Bert: Someone is sitting by a bedside to provide comfort in a community center, a trainer prepares a doctor to use methods of nonviolent resistance in order to make a change without violence.
Fred: Somewhere, there is a new school opening and a new well functioning.
Bert: People are unpacking boxes of medical supplies and mosquito nets.
Fred: Children are educating their parents about global warming, and organizations are examining their carbon footprint.
Bert: New forms of transportation are coming on the market: hybrid cars and plug-in cars and hydrogen cars and cleaner burning diesels that do not give children respiratory diseases as they roar through neighborhoods.
Fred: With the tools of ecumenical organizations congregations are doing energy audits, recycling materials, replacing energy-guzzling appliances and installing solar panels and wind turbines.
Bert: No matter how discouraging things seem, no matter how overwhelmed and anxious we feel; no matter how apathetic or cynical we become, God is already at work in the world. (Piano ends.)

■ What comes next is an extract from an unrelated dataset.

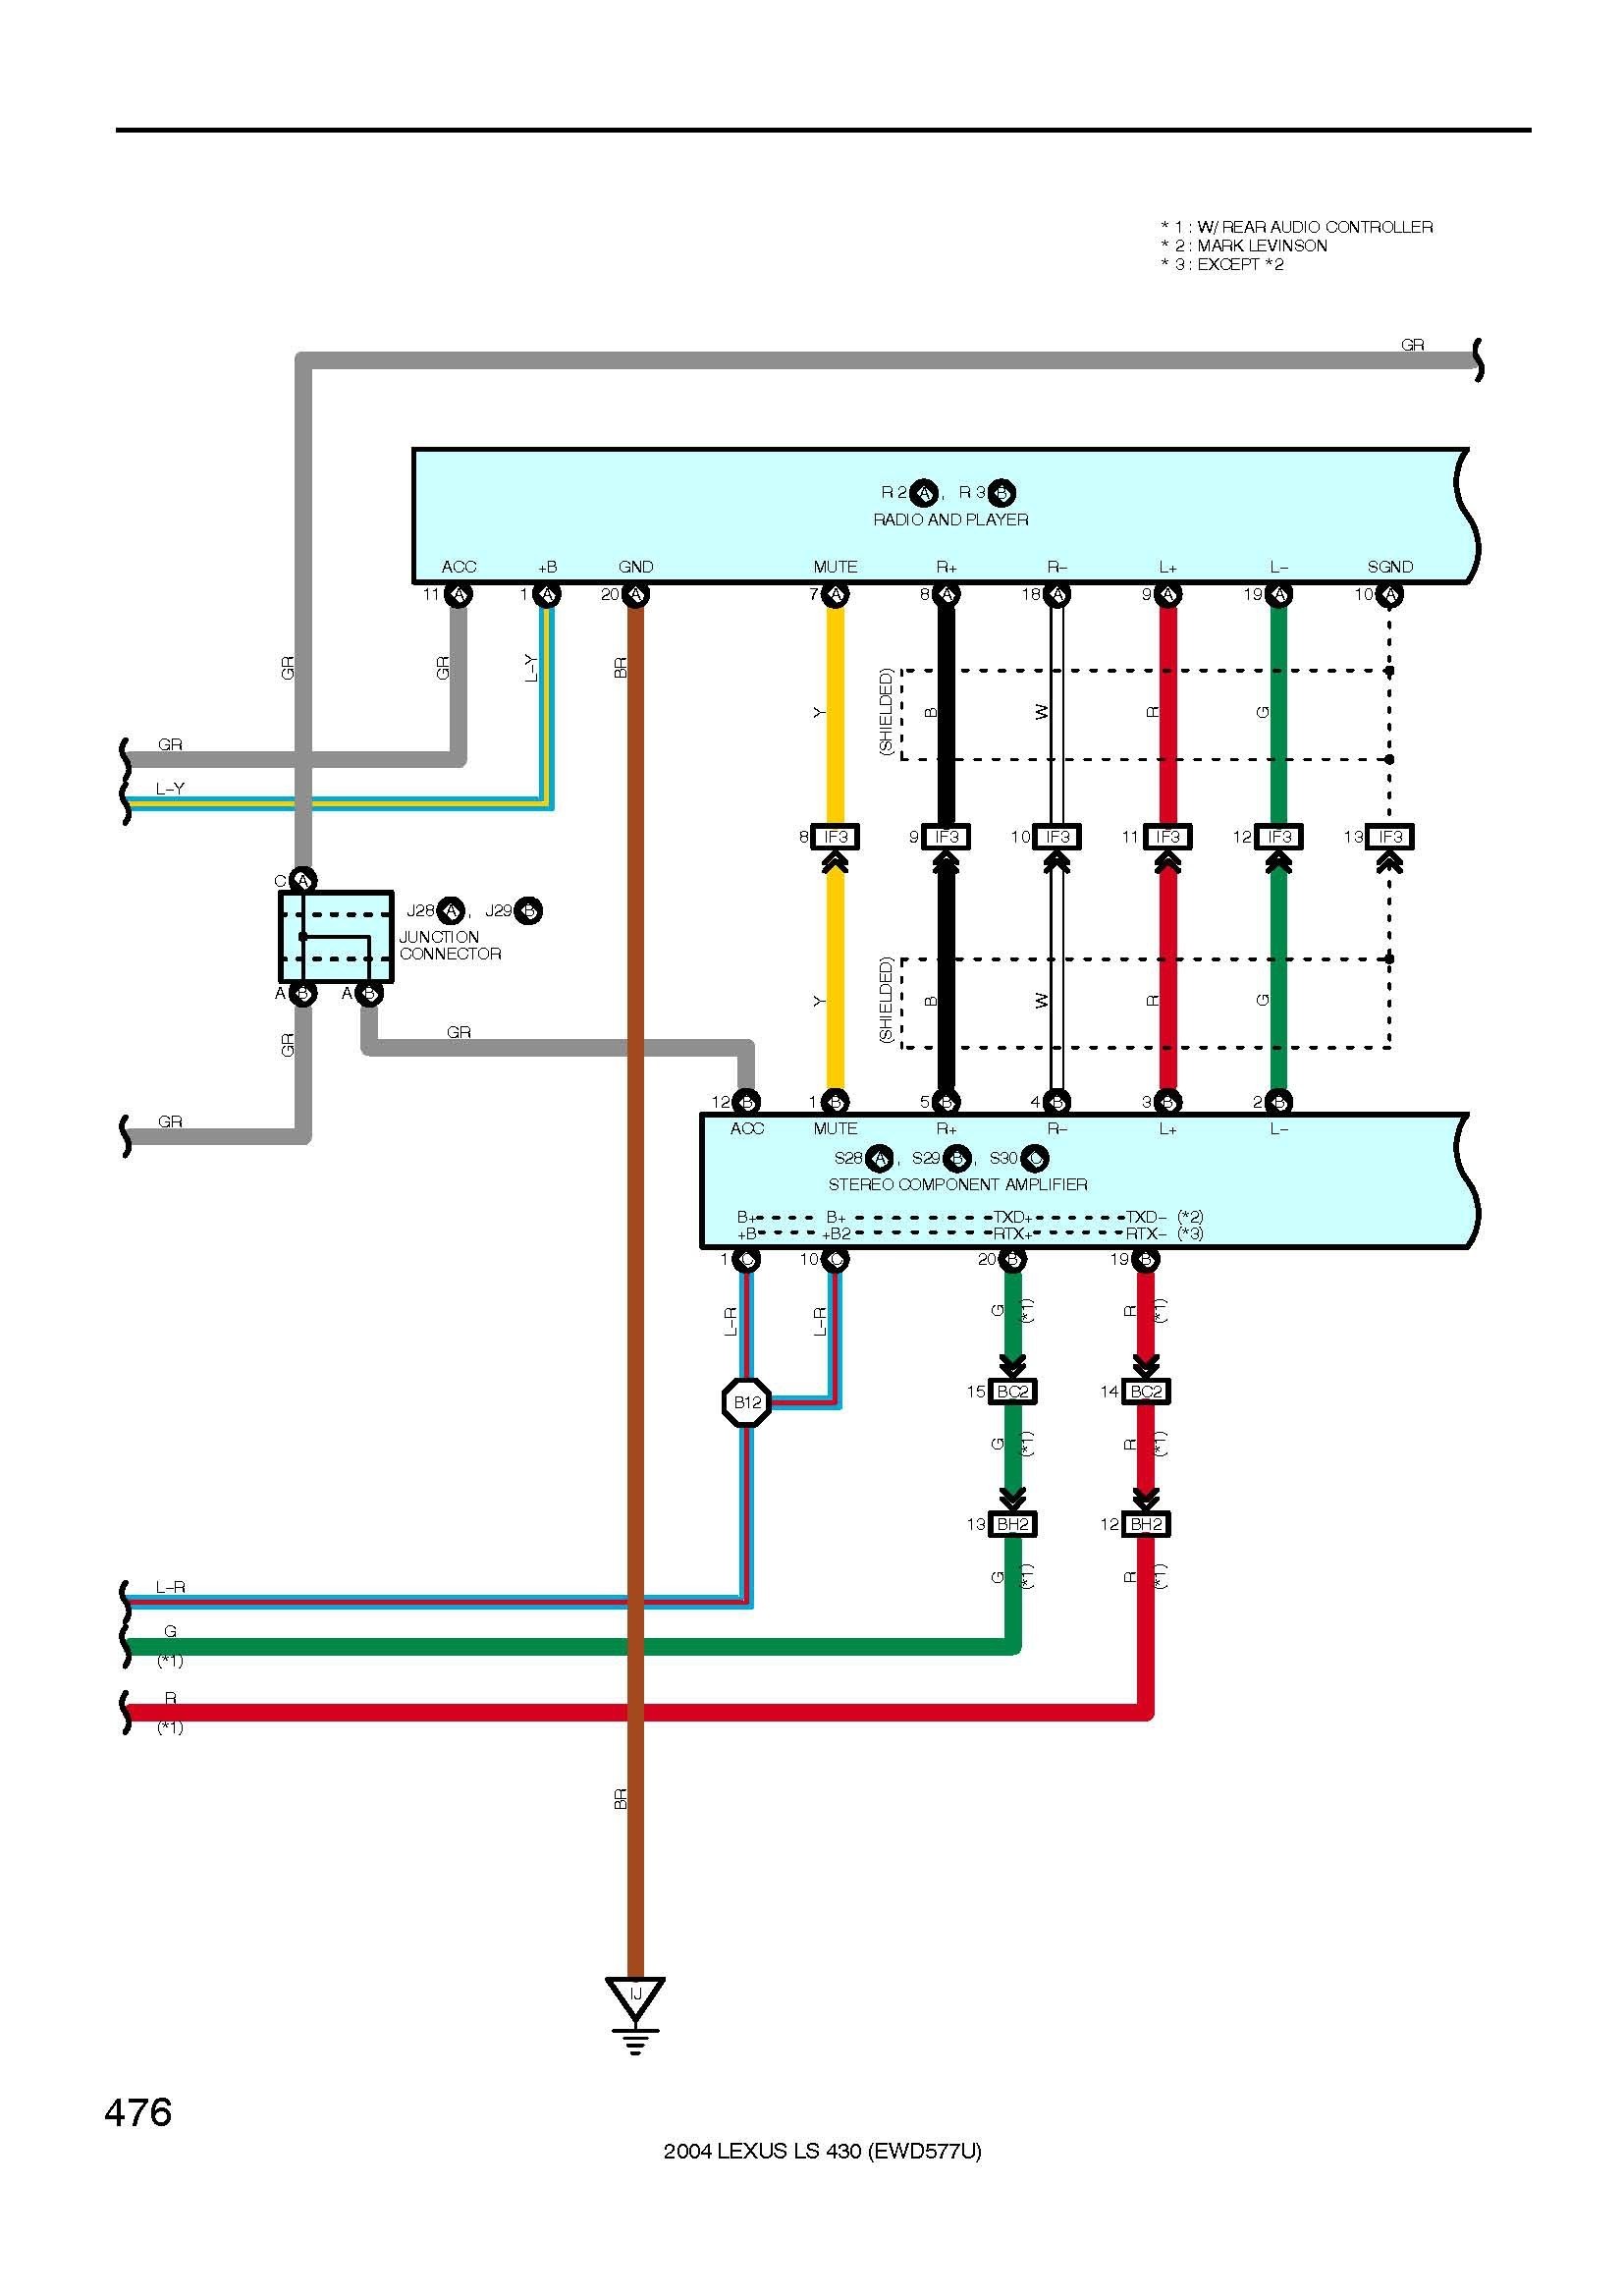 House Wiring Diagram Luxury Amp Wiring Diagram Diagram House Wiring Diagram Electrical Floor Plan 2004

Jeff: We must only open our eyes to see God’s vision, open our hearts to receive God’s grace, and open our hands to do the work God calls us to do.
Please pray with us.
Bert: (Slowly.) Powerful God of grace and mercy, (bell rings)
Fred: Make us wise as to how fragile and dependent and connected we are, (bell rings)
Jeff: That in the indulgence in the destruction of others, (bell rings)
Bert: We inevitably destroy ourselves. (bell rings.)
Fred: Give us the grace to be thankful for what we have, (bell rings)
Jeff: And the willingness to share. (bell rings)
Bert: As your church labours in the world, (bell rings)
Fred: Cause it to be more interested in your reign of righteousness (bell rings)
Jeff: Than in its own survival, (bell rings)
Bert: So that the world may grow into a kinder, gentler, safer place in which to live. (bell rings)
Fred: In Jesus’ name, Amen. (bell rings.)